REGARDING THE DEFAULT LIST
From http://www.ssa.gov/OACT/babynames/1999/top1000of80s.html:
"The data comes from a 5% sampling of Social Security card applications with dates of birth from January 1980 through December 1989."
"All names which occurred at least five times in the sample are included in the table below. The total number of males in the sample is 977,255 and the total number of females is 936,349. Criteria to be included in the sample is simply that a Social Security card application was filed, that the year of birth was between 1980 and 1989, and that the birth was on US soil. As always each unique spelling is considered a unique name. It may be appropriate for purposes of ranking popularity of names to combine similar spellings of the same name. This kind of grouping, however, is subjective and time consuming, and is beyond the scope of this document. The 2000 edition of the World Almanac lists the top 10 names of each decade based on this data after combining different spellings of the same name."

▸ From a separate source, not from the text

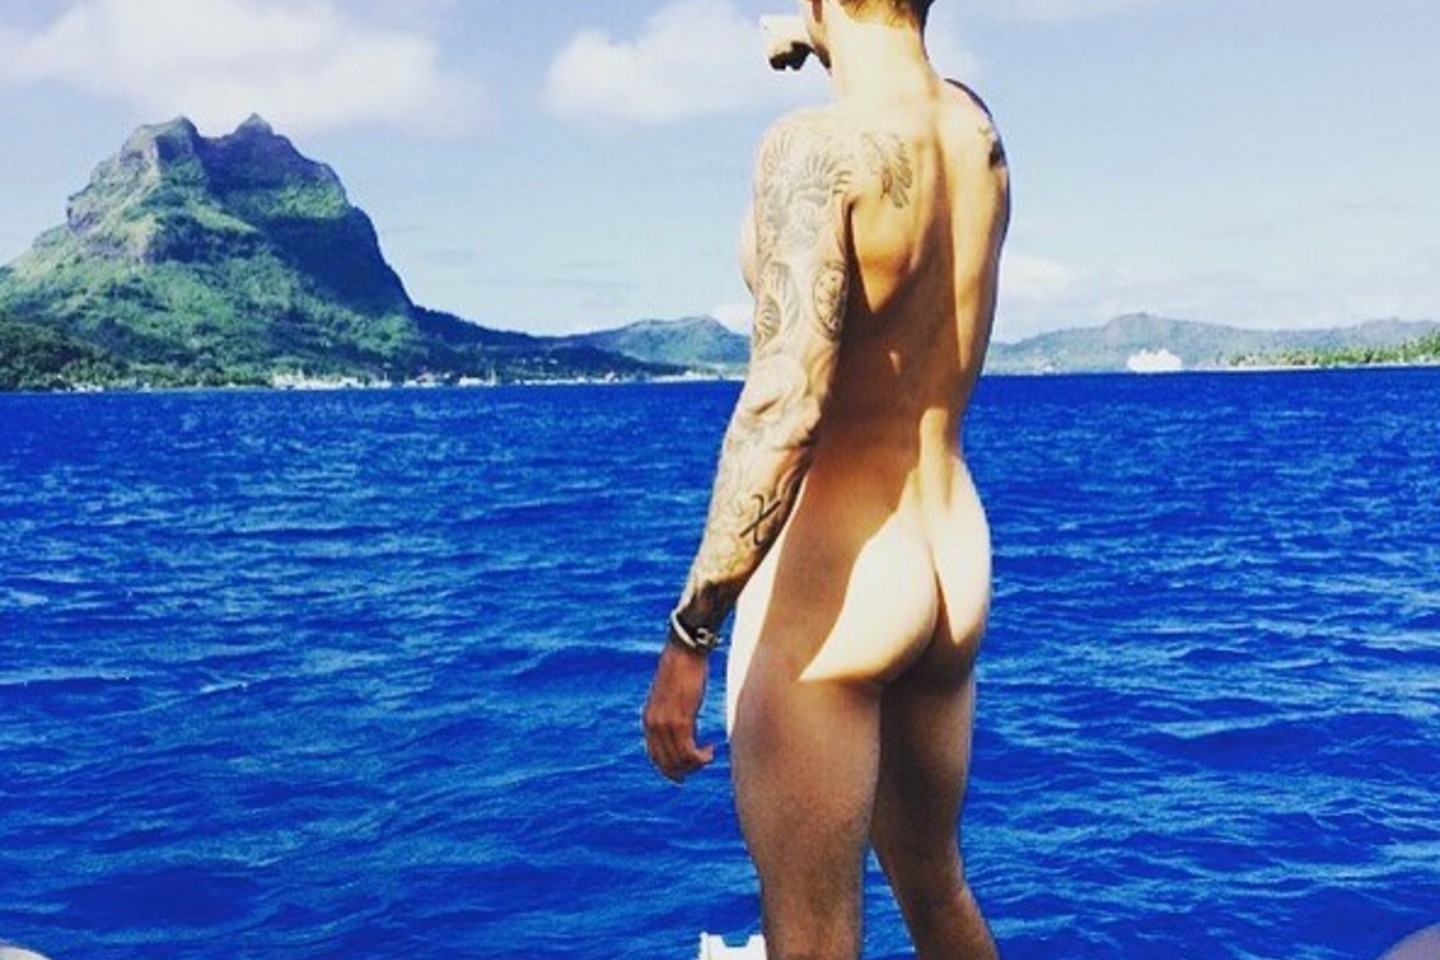 Skandalingai pagarsėjęs kanadiečių dainininkas Justinas Bieberis (21 m.) savo „Instagram“ paskyroje paviešino išties pikantišką nuotrauką, kurioje visu gražumu puikuojasi jo užpakalis.<br>„Instagram“ nuotr.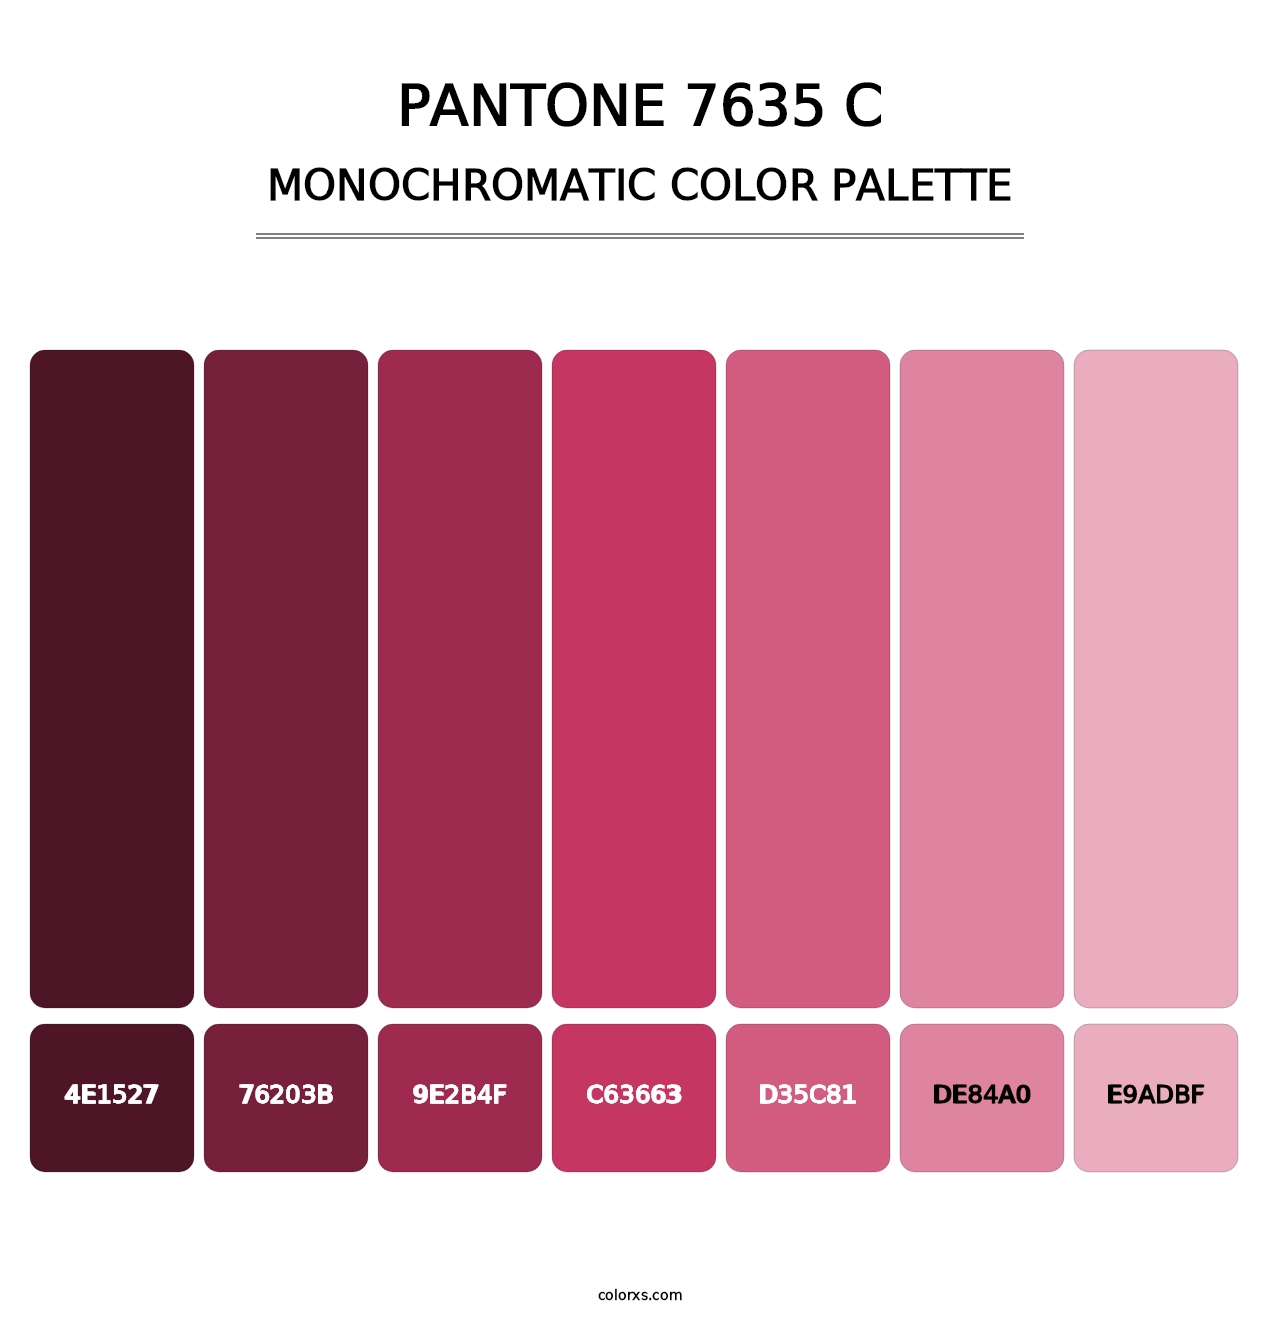 PANTONE 7635 C - Monochromatic Color Palette

"No effort has been made to edit the data and as a result some coding errors are obvious. For example initials like "A" are included in the lists. Another common problem, especially for the earlier decades is females coded as being male. For example Jessica is the ranked 647 among male names. Finally entries like "Unknown" and "Baby" are not removed from the lists."
REGARDING HENRY
m (0.111843889261247)
BUGS
Did I mention this module doesn't match the v0.30 author's name?
AUTHOR
Originally by Jon Orwant <orwant@readable.com>, v0.30 by Eamon Daly <eamon@eamondaly.com>.
This is an adaptation of an 8/91 awk script by Scott Pakin in the December 91 issue of Computer Language Monthly.
Small contributions by Andrew Langmead and John Strickler. Thanks to Bob Baldwin, Matt Bishop, Daniel Klein, and the U.S. SSA for their lists of names.